To help you make, sell or buy art, knowing the right art terms is a must.
Abstract
Adheres to the idea that aesthetic values are found in forms and colours separately from the subject of the work.
Action painting
This assumes that the unconscious takes over so that the artist can splash paint on the canvas. See Jackson Pollock.
Anamorphis
Something in a painting that can only be seen by looking at it in a special way the elongated skull in Holbein's Ambassadors has to be viewed through a special lens or mirror.
Antwerp mannerists
Not related to mannerists, but using affected poses and ornaments.
Baroque
Most evident in Italy, it unites architecture, painting and sculpture in direct appeal to the emotions. Often seen in religious art.
Bauhaus
School founded in 1919 in Weimar, Germany, it dealt with the issue of machine production, which, for art, had previously been ignored.
Calligraphic
Free and loose writing or paintwork.
Concrete art
Another name for abstract art.
Constructivism
A movement, mainly Russian in the immediate wake of the 1917 revolution, that grew out of collage into hanging constructions.
Cubism
This is where all modern abstract art starts. Picasso and Braque, its early practitioners, emphasised a cerebral approach to form and colour rather than the previous emphasis on surface shapes.
Dada
The Mona Lisa with a moustache is perhaps the most recognised Dadaist offering. The approach, influential in the years between the two world wars, was meant to shock and be anti-art.
Expressionism
Van Gogh is seen by many as the starting point for this approach. Instead of a naturalistic approach, it distorts colours and lines to bring a moody, expressive style to the work.
Fauve
The collected works of Matisse, Marquet, Derain, Vlaminck, Rouault, and several others, with their distortions and violent colours, were displayed together at the Paris Salon d'Automne in 1905 and called Les Fauves (wild beasts).
Fresco
Watercolour painting on plaster wall.
Futurism
Running for a few years from a manifesto published in 1909, among other things it emphasised the beauty of machines in movement.
Gothic
Elaborate style of architecture in northern Europe practised between 12th and 16th centuries.
Gouache
Poster paint.
Illusionism
Using perspective and foreshortening to trick the eye into believing what it sees is real.
Impressionism
Initially an insult, it refers to the approach adopted by Monet and others in the middle to late 19th century emphasising the exact tones and colours and the play of light on objects in a form of sensualism aimed at achieving a better naturalism.
Mannerism
A modern term to describe an art style of the 16th century. The approach prioritises the human figure, but often places it in awkward poses.
Neo
New, revived form, modern. Added to the start of a style to indicate that it is an updated version of the original style, for example neo-gothic.
Pointillism
The use of tiny primary colour dots to generate secondary colours. Van Gogh picked up on this, using combinations of colours to enhance the effects of each.
Pop Art
Using products of everyday modern life in the work of art. The work of Warhol and Lichtenstein would be classic examples.
Post-Impressionism
Movement reacting against Impressionism and instead stressing the importance of the subject and a more formal idea of art. Van Gogh is one of the most significant names in the movement, together with Cezanne and Gauguin.
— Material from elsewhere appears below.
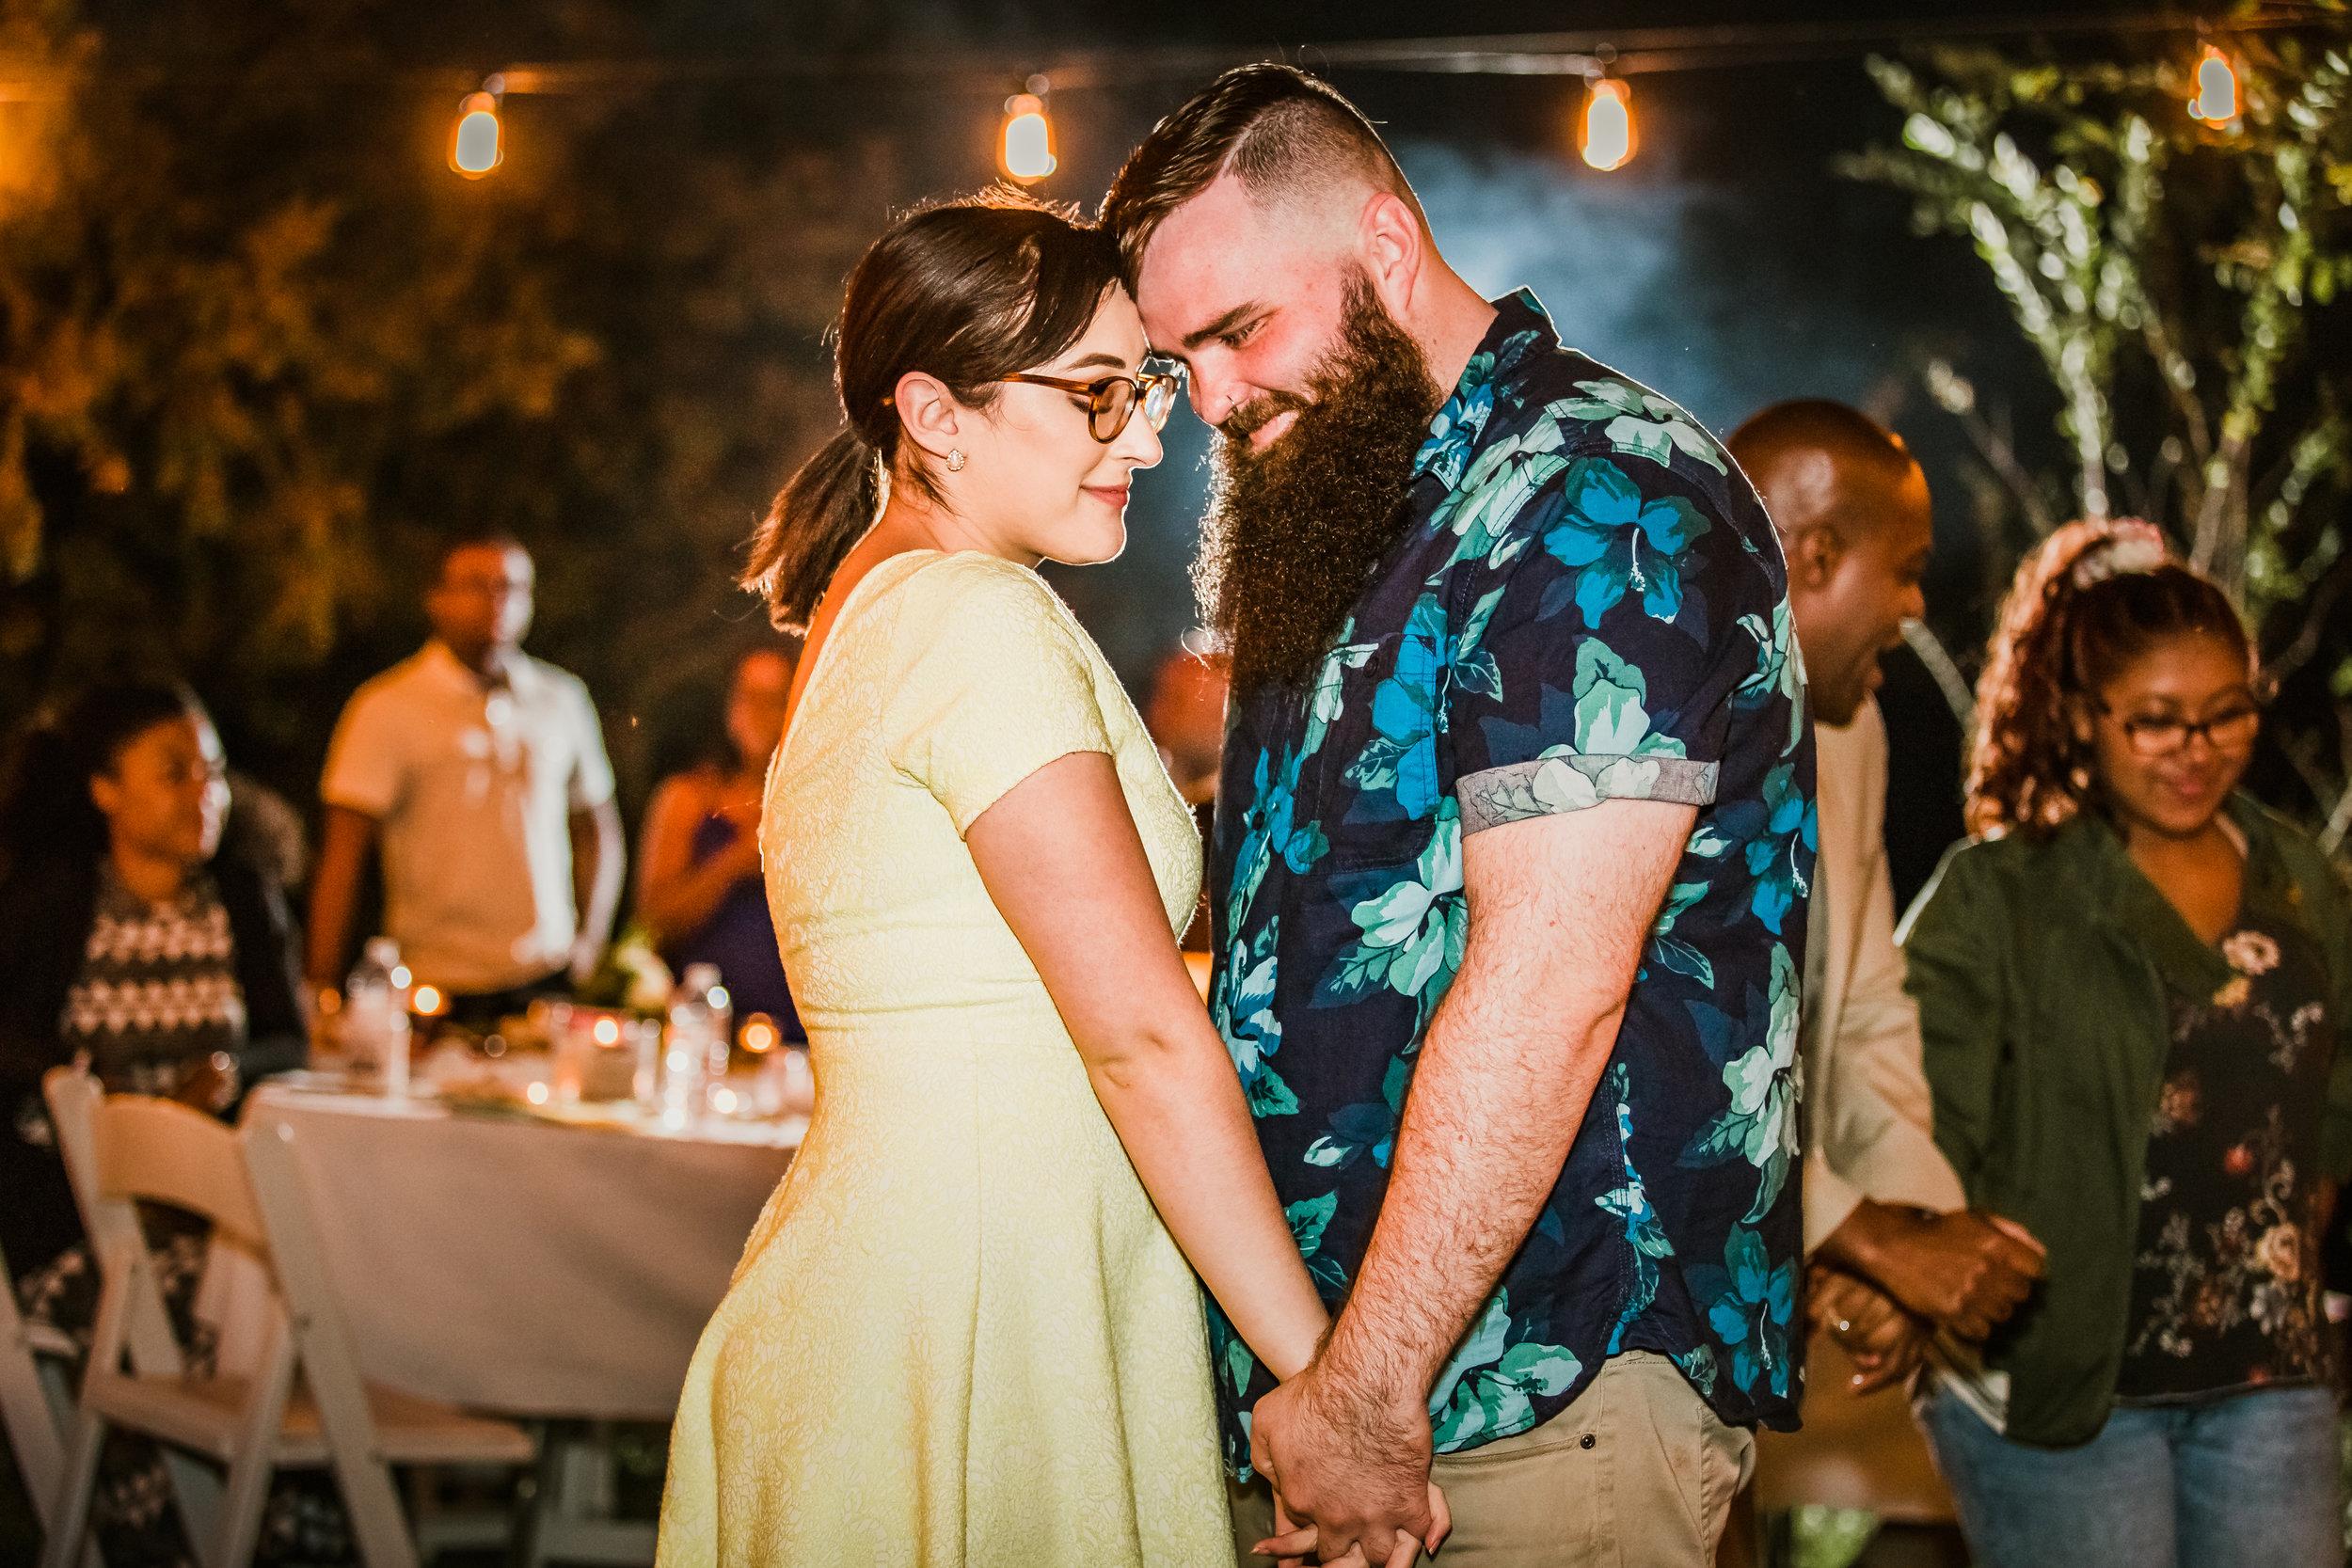 Violets & Seastars- November Ponce Inlet Wedding - Suzette & Dwight 183.jpg

Pre-Raphaelite Brotherhood
Started in the mid 19th century, principally by Rossetti, Millais and Hunt, this movement wanted to return to the approach known prior to Raphael (1483-1520).
Primary colours
Red, blue and yellow.
Relief
Non-freestanding sculpture with a background like a painting.
Renaissance
Between the 14th and 16th centuries, the classical-influenced revival of letters and arts.
Surrealism
Aims to express the true process of thought, free of accepted means of expression. Dali is perhaps the best know practitioner.
Synthetism
Another way of referring to Symbolism, it involves the total rejection of naturalistic representations in favour of mood, idea and emotional expression.
Trompe-l'oeil
A deception of the eye, particularly as used in illusionism.
Utrecht school
The Caravaggio-influenced circle of Dutch painters in the early 17th century, such as Baburen, Terbrugghen and Honthorst.
Vorticism
English Cubism, started by Wyndham Lewis.